Question: Statistical Analysis Of Protein Sequence Properties
2
9.9 years ago by
User 0063220
User 0063220 wrote:

Hi all,

I've 80 homolog sequences. All the sequences have a structural domain. This domain in same cases have a different length. I'd like to perform a statistical analysis to find out correlation between domain length, sequence length, polar amino acid percentage, basic amino acid percentage, hydrophobic amino acid percentage.

Which statistical test could I use? Could you give me any suggestion about the way to perfom this analysis?

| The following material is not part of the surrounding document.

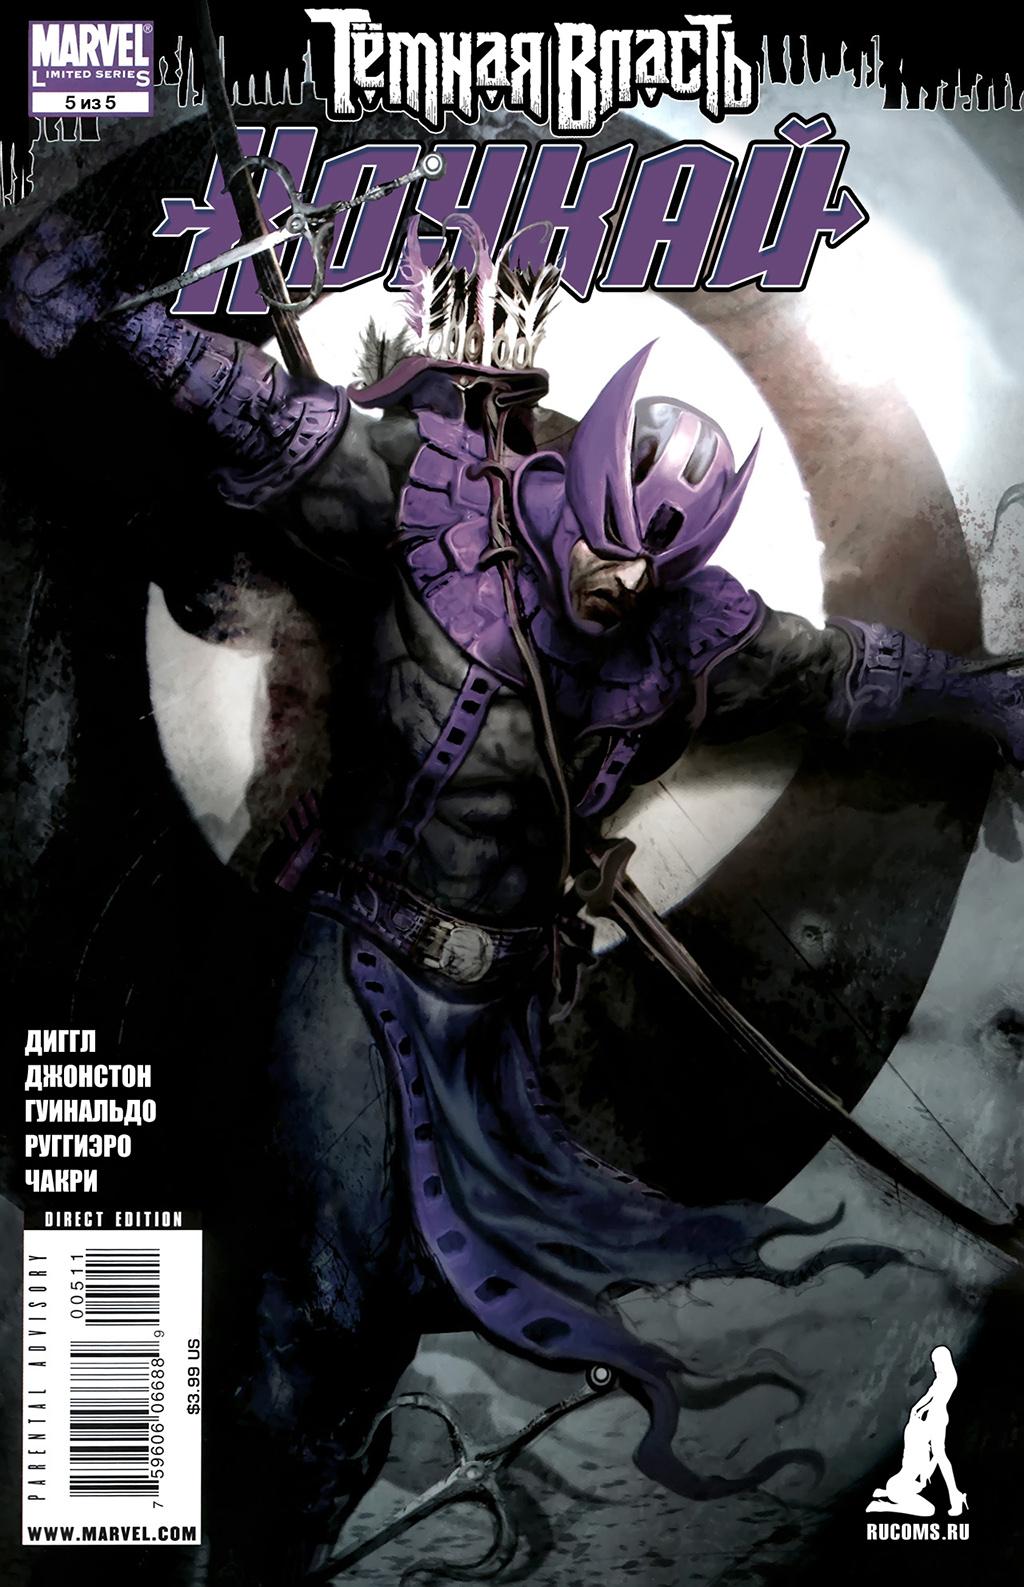 Комикс Темная Власть: Хоукай

modified 9.9 years ago by Alastair Kerr5.3k • written 9.9 years ago by User 0063220
1

"This domain in same cases have a different length" makes no sense. Do you mean "some cases"?

please change the title of this question. The title of a topic should be such that other persons can understand what you are asking without being forced to open and read the whole question. I can change the title for you, but I prefer if you do it by yourself.

5
9.9 years ago by
David Quigley11k
San Francisco
David Quigley11k wrote:

Simple things to get you started:

1. Start by plotting the data to look for outliers and trends. Most of us would recommend the R statistical package. To get started with R (and statistics in general), I suggest Introductory Statistics with R by Peter Dalgaard. See also this thread.
2. As for specific tests, consider using Spearman rank correlation to test for relationships between variables. In R, look at the `cor.test()` method. Alternately, consider performing anova tests to test for relationships between variables. E.g. in R:

``````plot(seqlen, pa.percent)
cor.test(seqlen,pa.percent,method="spearman")
anova(lm(seqlen~pa.perecent))
``````

Dalgaard's book will help you interpret the results of these tests, though a proper grounding in the fundamentals of statistics is more important than the particular tool you use.

4
9.9 years ago by
Neilfws49k
Sydney, Australia
Neilfws49k wrote:

As Alastair says, this is a multivariate problem (80 observations x at least 5 variables) and you need to do some exploratory data analysis first.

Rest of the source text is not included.